Environment details:
- Payment Service: Azure App Service
app-contoso-payments - Shared Library: NuGet package
Contoso.Payments.Core - Frontend: Azure Static Web Apps
swa-contoso-store - Resource group:
rg-contoso-prod - Current broken version:
v2.4.0(tag:release/2.4.0) - Last known good version:
v2.3.1(tag:release/2.3.1)
Task 1: Design hotfix branching strategy
Branching model for hotfixes
The hotfix branch is created from the release tag (not from main) to avoid picking up unreleased changes.

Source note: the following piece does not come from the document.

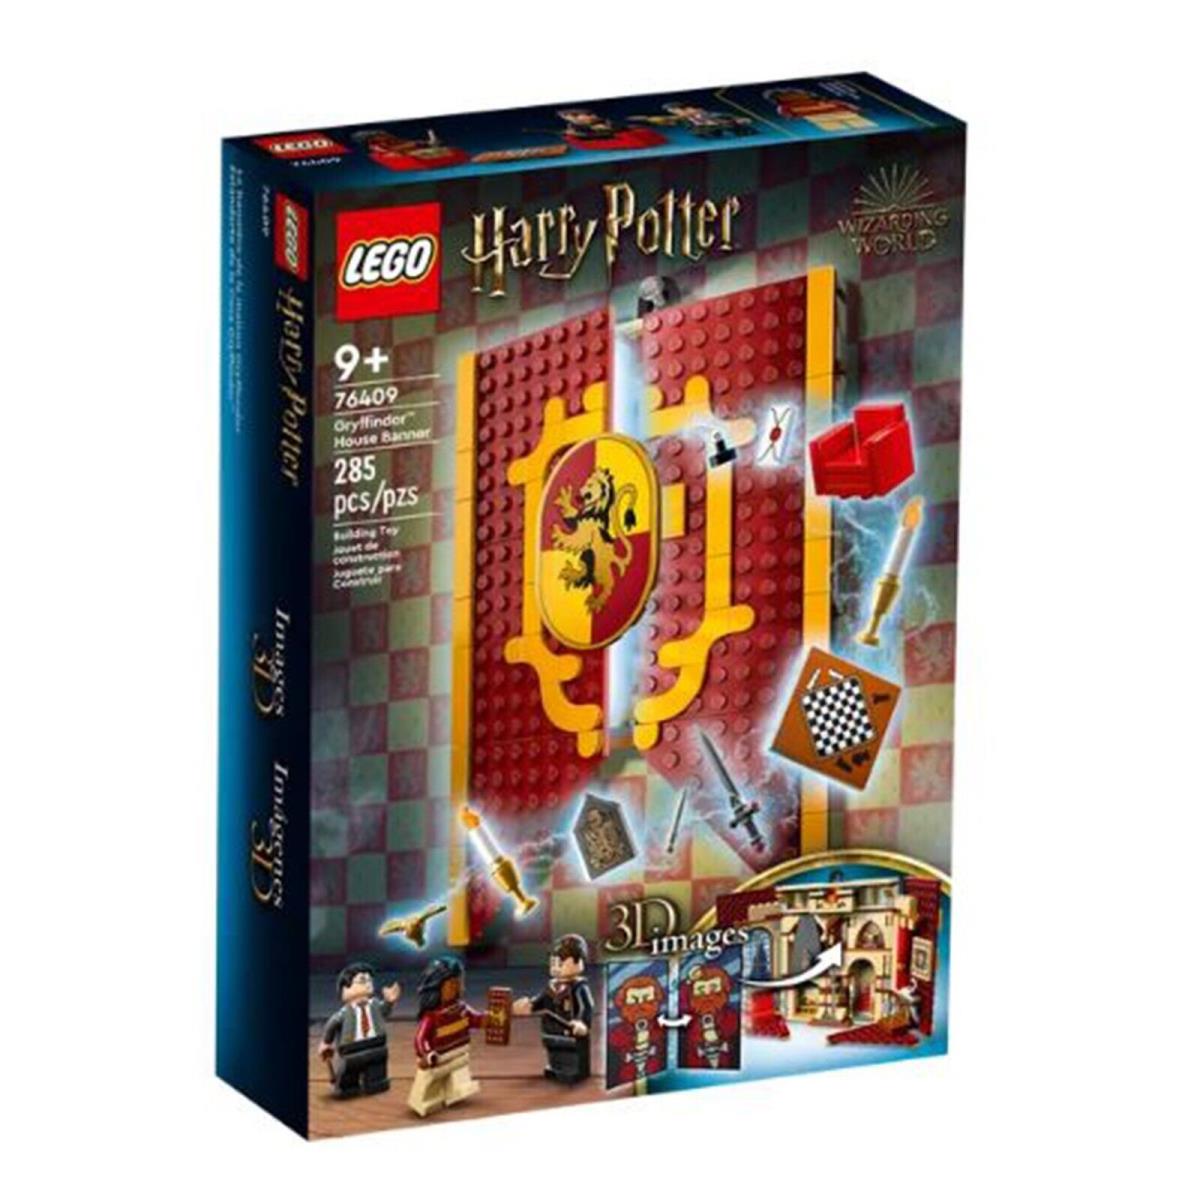 Lego Harry Potter Gryffindor House Banner Building Set 76409
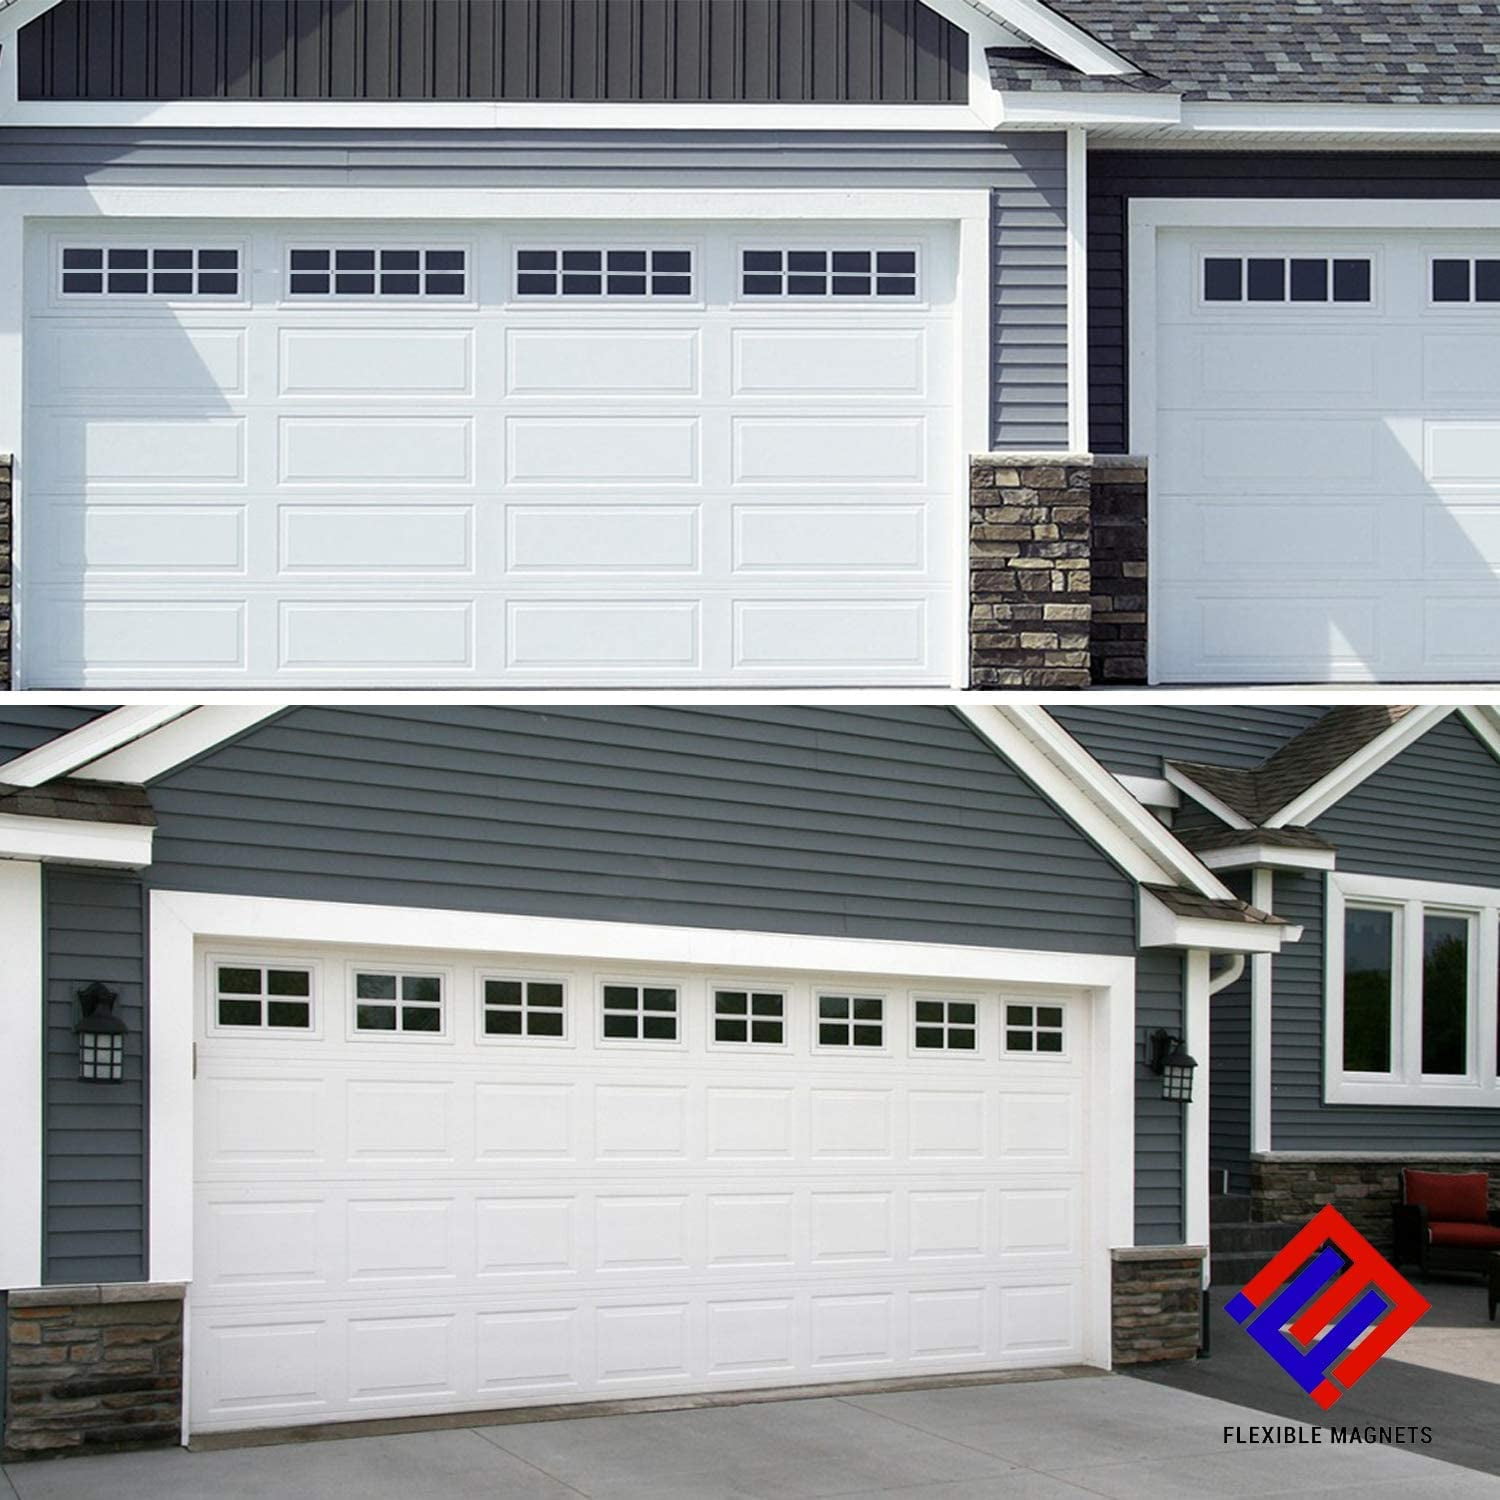 Details about   DURA-LIFT Premium Garage Door-Hardware Installation Kit For 8 ft. x 7 ft. Door

# Step 1: Create hotfix branch from the broken release tag
git checkout -b hotfix/payment-over-10k release/2.4.0
# Step 2: Apply the minimal fix
# Edit the specific file with the bug fix
git add src/PaymentService/Handlers/ProcessPaymentHandler.cs
git commit -m "fix: handle payment amounts exceeding 10000 threshold
The payment validation incorrectly rejected amounts over 10000 due to
an integer overflow in the amount conversion. Changed to use decimal
comparison.
Fixes: INC-4521"
# Step 3: Tag the hotfix release
git tag -a release/2.4.1 -m "Hotfix: payment amount overflow fix"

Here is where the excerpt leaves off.